Defensive assets are at all-time record levels. This is notably dangerous since few people who own these assets have any idea how overvalued and vulnerable they are. “Price is what you pay, value is what you get.” This is a quote from Warren Buffett.

These days many momentum and technical traders, along with other institutions such as hedge funds, are heavily invested in defensive assets. Even though they realize they are taking big risks, they don’t want to leave the party too early. Once the so called yield assets begin to experience more notable declines, as utilities (XLU) have already been doing in recent weeks, there will be a massive withdrawal of funds as these large traders’ cash out of dividend equities, REITs and U.S. Treasuries.

Many of these newcomers to the party are amateurs and will panic if they experience even a small loss of 10%. They believe that they have invested in so called “stable” companies which will produce strong, steady gains, for many more years. The companies themselves and their profits are mostly very stable, but their stock prices are definitely not.
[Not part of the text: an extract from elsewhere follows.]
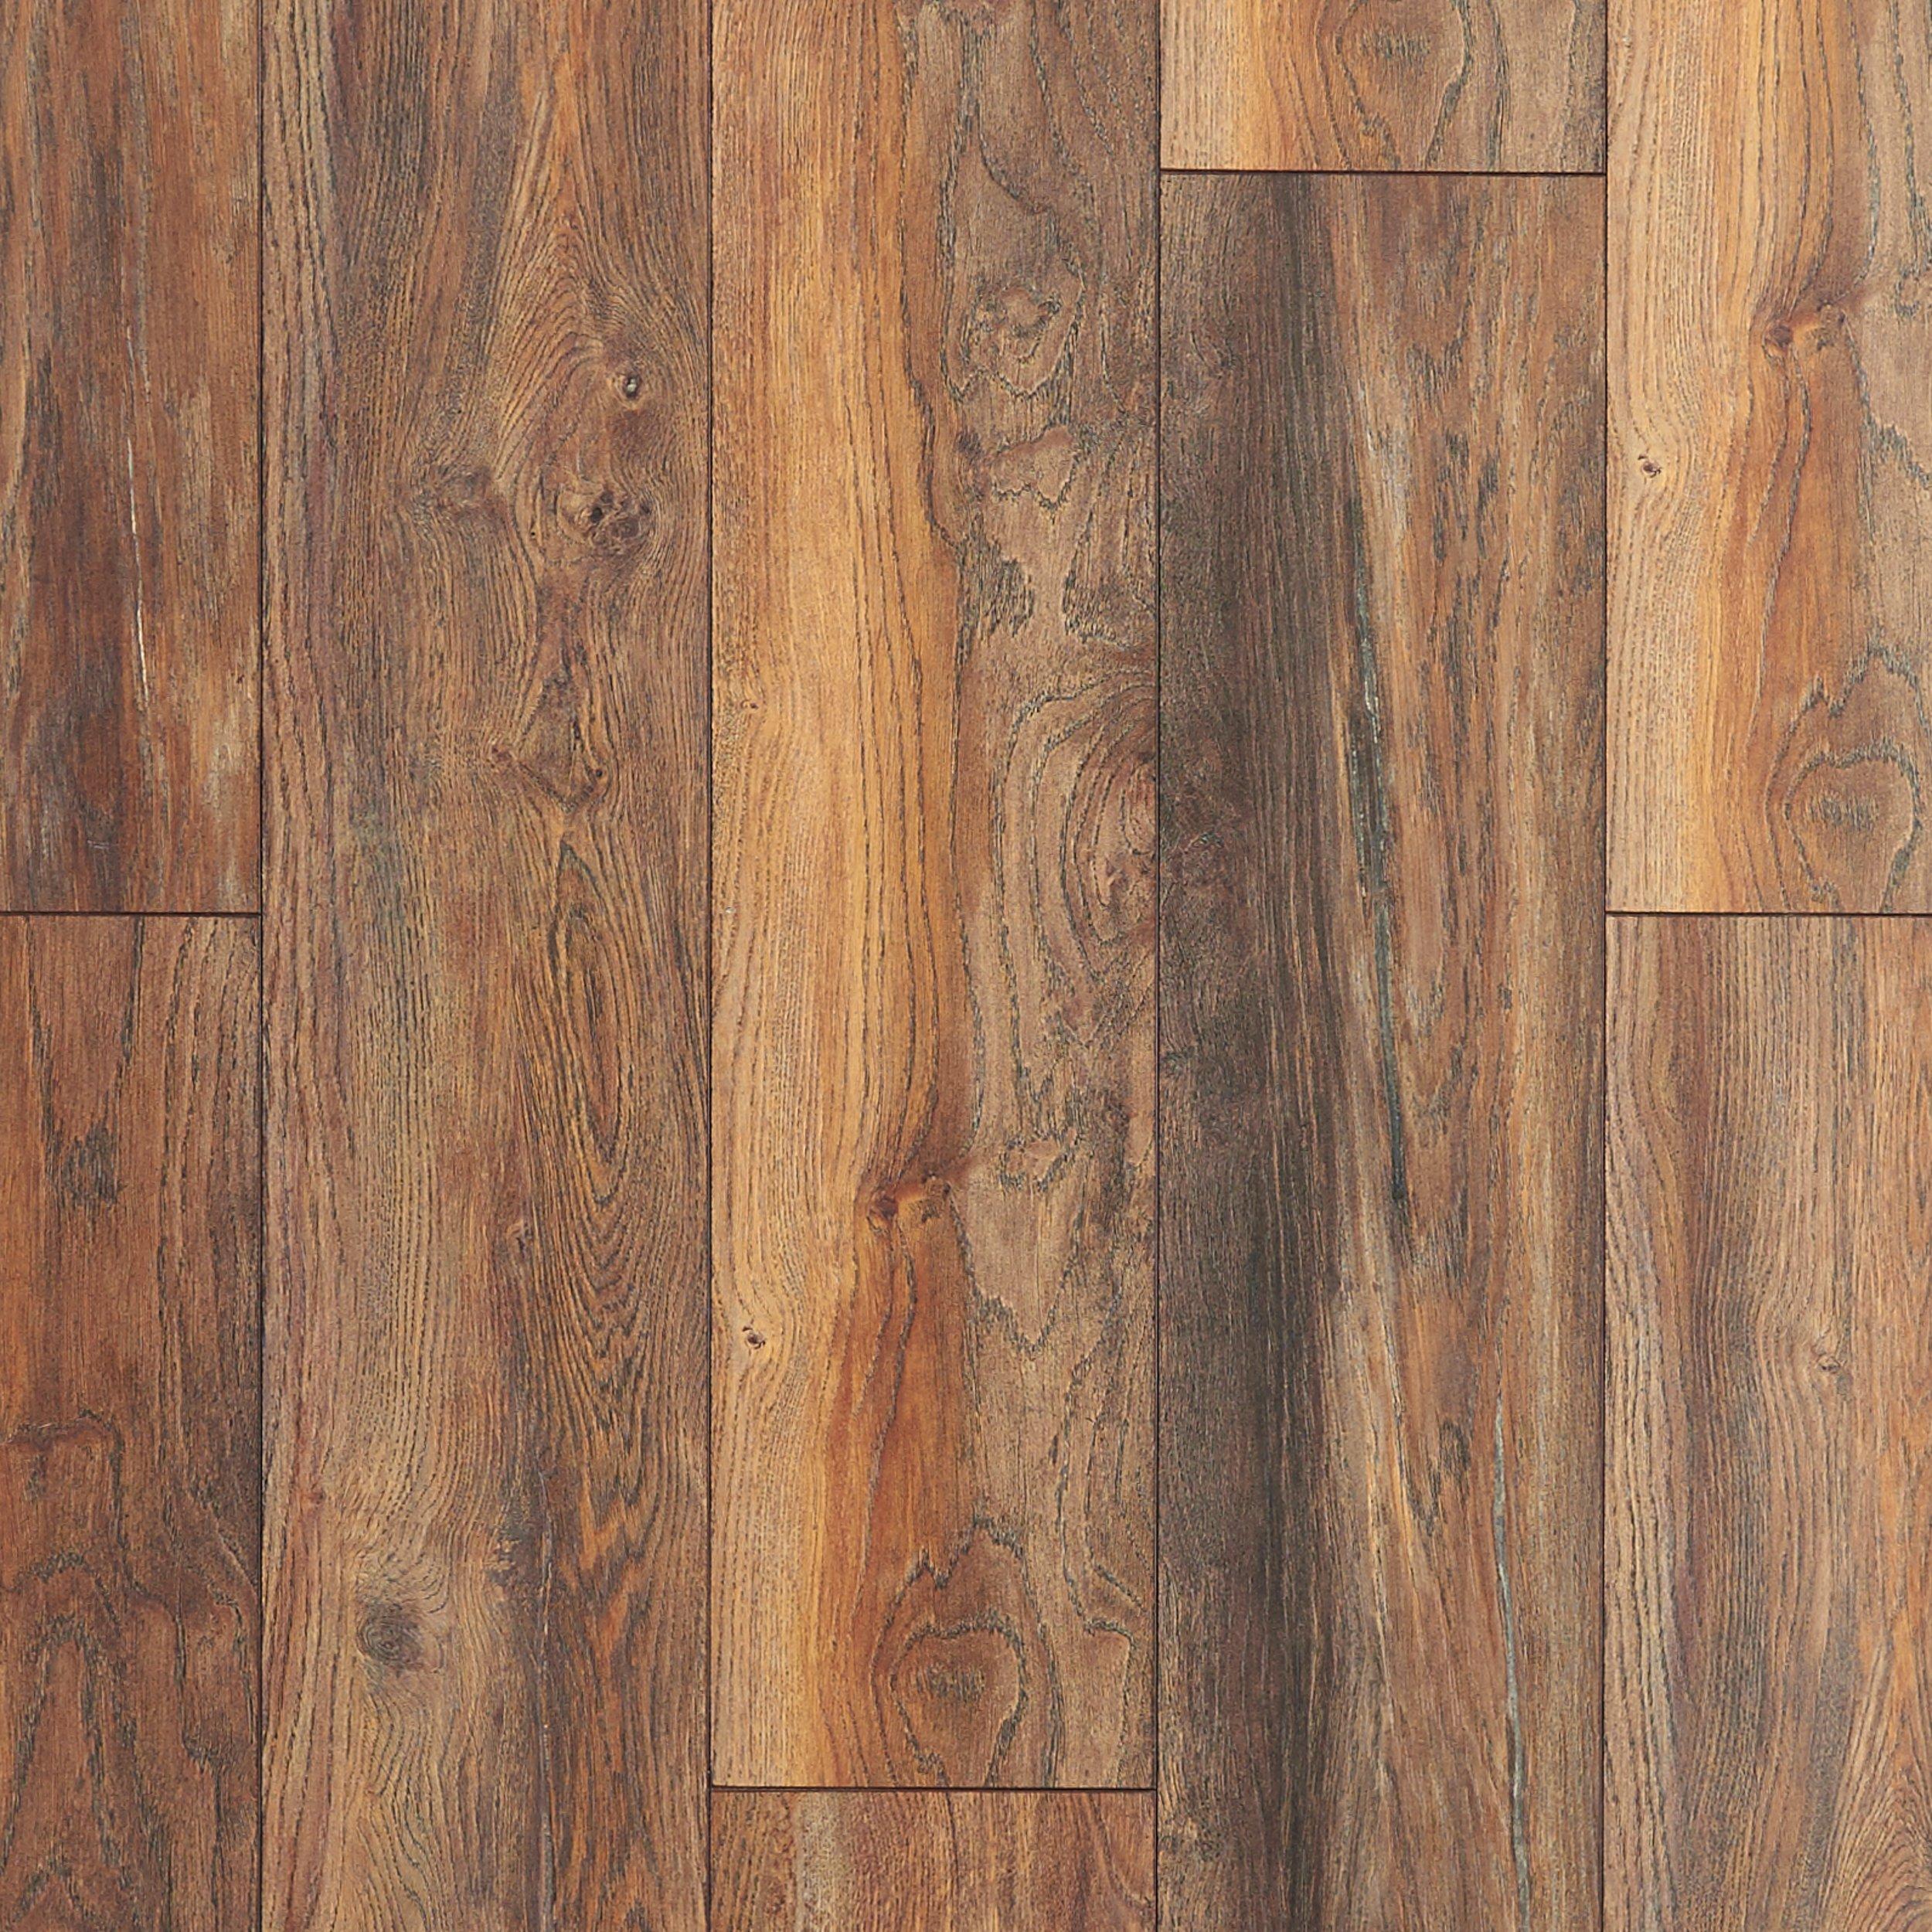 water resistant laminate flooring kitchen compost bin for american spirit port chester oak - 12mm ...
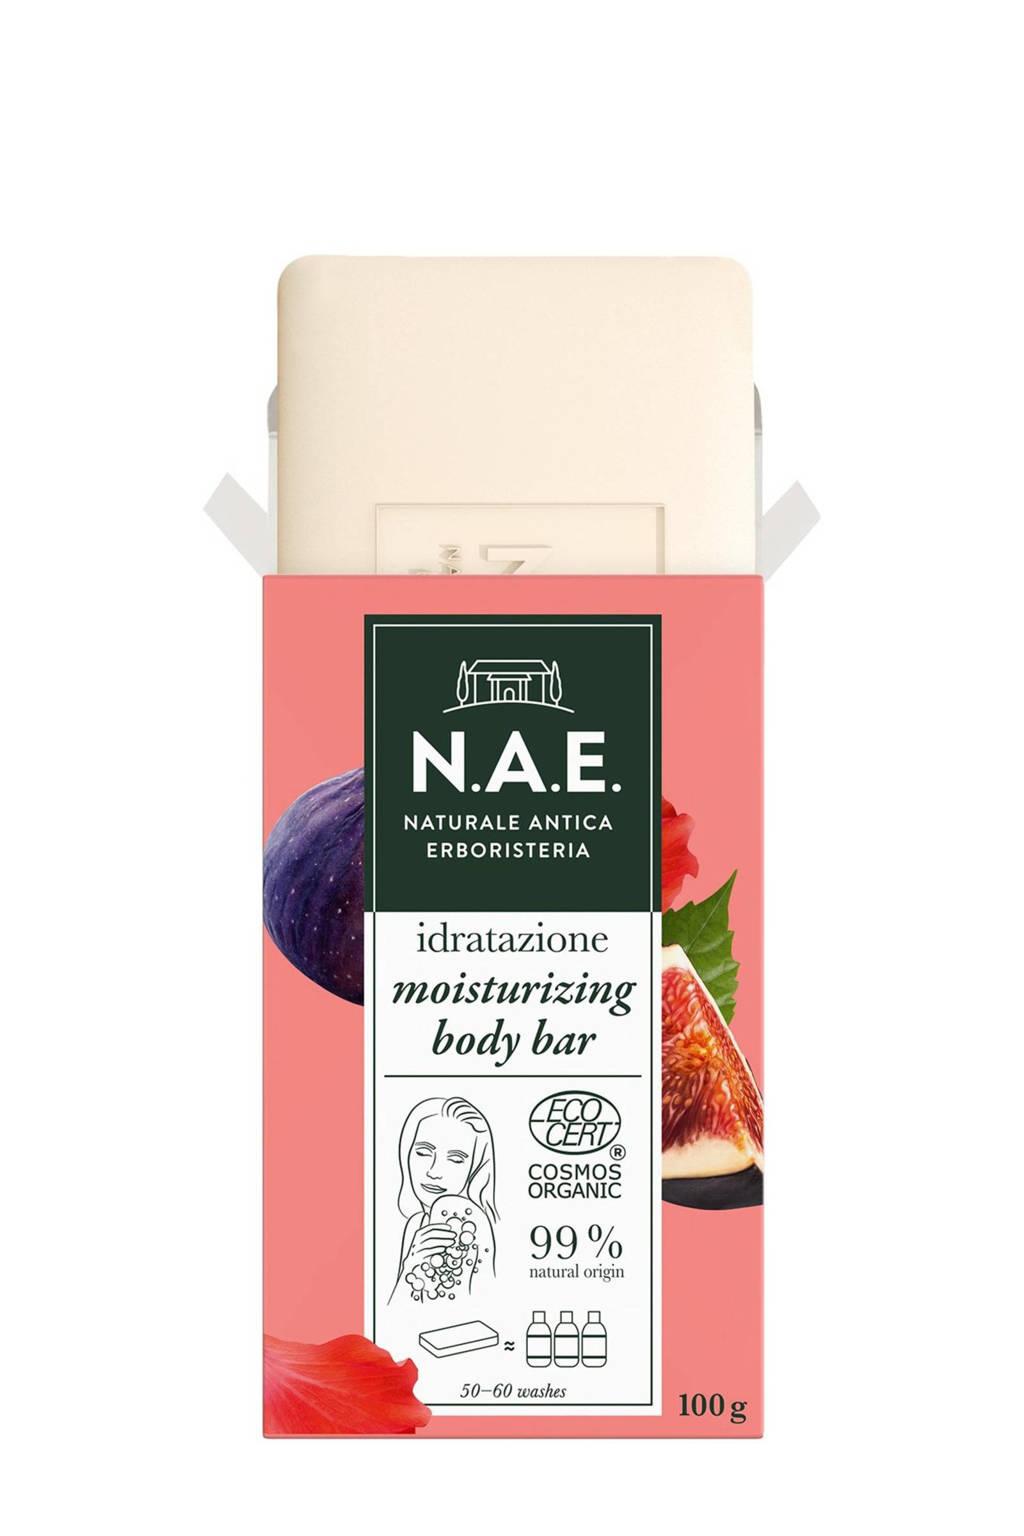 N.A.E. Idratazione Moisturizing body bar - 100 gr

Eventually this new money will go into the cyclical assets, especially since investors who have recently taken the plunge to move their money from short-term deposits are unlikely to quickly put their money back into time deposit funds and earn half a percent.

Even though we have received some negative comments from some of our subscribers that we are cashed out early, we would rather remain in cash and miss the final move, than be positioned wrong and lose money, especially since there is always another bus coming if we miss the current one. In our view these days, the only value is in commodity based ETFs, i.e. EWZ (Brazil index ETF) and XIU (Canadian index ETF).